The proposal which petitioners seek to keep from being submitted to the voters at the next general election is a constitutional amendment proposed under the initiative provisions of the state Constitution. It is signed by the requisite number of qualified electors of the state and has been filed with the Secretary of State within the time entitling it to be submitted at the November election.

Petitioners’ main contention is that such proposal should be kept from the ballot because the circulation title of the measure appearing upon each page of the initiative petition whereon signatures appear, does not contain a “summary of the chief purpose and points” of the proposed constitutional amendment as required by the provisions of article IV, section 1, of the Constitution and section 1197b of the Political Code.

At the outset of our consideration of the problems here presented we are met by the contention of amici curiae, representing the proponents of the measure, that this court has no jurisdiction to consider the petitions for the reasons that: (1) Article IV of the Constitution reserves to the people the power to propose laws and amendments to the Constitution by the initiative process; that the Constitution itself sets up the steps for exercising this reserved power; that one of these constitutional steps is the preparation of a title and summary by the attorney-general; that under the separation of powers provided for by article III of the Constitution the initiative process must be held free from interference by the courts; and (2) that section 1197 of the Political Code provides the sole and exclusive method of objecting to the title' *64 prepared by the attorney-general, that is by review by a statutory board of title commissioners.

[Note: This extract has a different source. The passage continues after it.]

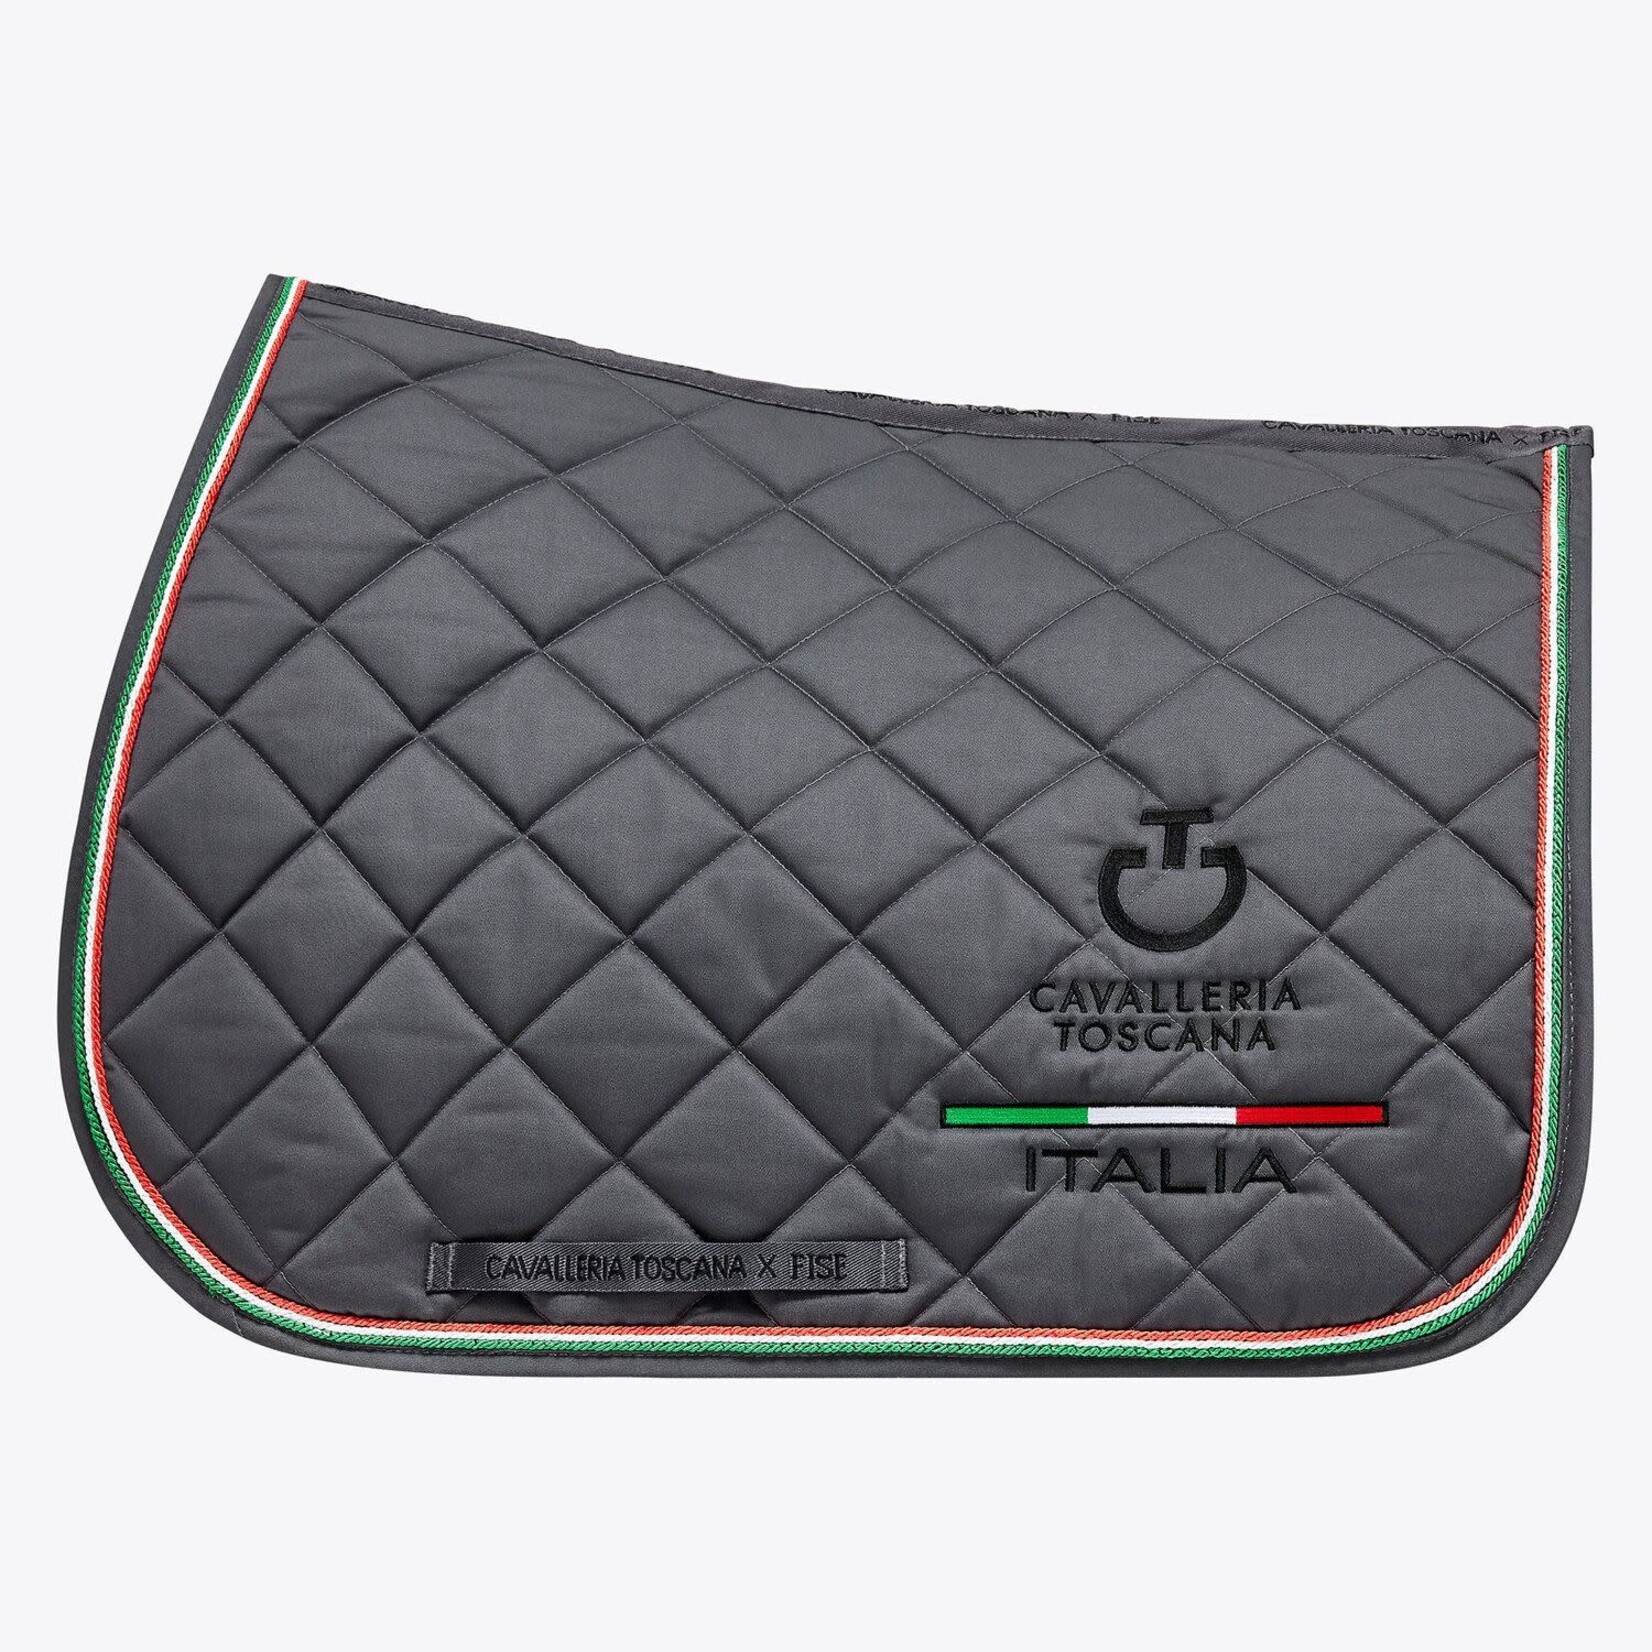 Cavalleria Toscana x fise sottosella jumping saddle pad - Equestrian Style  Exclusive Equestrian Brands

Neither of these contentions is sound. The first contention is basically unsound in that the petitions filed herein do not seek judicial interference with a legislative function, but seek a determination as to whether the provisions of the Constitution and statutes have been followed. The petitioners are not seeking to control the actions of any legislative officer, but those of the Secretary of State—an administrative officer. This court frequently has exercised the power here invoked. (Boyd v. Jordan, 1 Cal. (2d) 468 [35 Pac. (2d) 533]; Clark v. Jordan, 7 Cal. (2d) 248 [60 Pac. (2d) 457, 106 A. L. R. 549].)

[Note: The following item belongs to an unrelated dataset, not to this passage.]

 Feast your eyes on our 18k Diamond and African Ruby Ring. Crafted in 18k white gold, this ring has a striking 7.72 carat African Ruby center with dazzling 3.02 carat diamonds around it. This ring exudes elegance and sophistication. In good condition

The second contention equally lacks merit. It is predicated upon the provisions of sections 1197 (3) and 1197a of the Political Code. By these sections “any person who is dissatisfied” with the attorney-general’s ballot or circulation titles to an initiative measure, may file his objections with the Secretary of State, who shall then transmit copies of the initiative measure, the attorney-general’s title, and the objections thereto to “the Board of Title Commissioners, which board shall consist of the three justices of the District Court of Appeal ... in and for the third appellate district, who shall be ex officio title commissioners for the purposes of this act and which board is hereby created”. This board is then required to hold a hearing and prepare a proper title, .and its determination “shall be final and conclusive”. Obviously these sections purport to provide a method for passing upon the correctness of the attorney-general’s title. If such sections were valid it is quite possible that the method therein provided was intended to be the sole method of passing upon the correctness of such titles. However, it is quite clear that these sections, inasmuch as they purport to confer non judicial duties on the appellate justices, are unconstitutional. This point need not be discussed at length. The principles involved have recently and exhaustively been considered by this court in Abbott v. McNutt, 218 Cal. 225 [22 Pac. (2d) 510, 89 A. L. R 1109].) On the authority of that case and the cases and constitutional provisions therein cited, sections 1197 (3) and 1197a in so *65 far as they provide for the creation of said board of title commissioners must be held to be unconstitutional.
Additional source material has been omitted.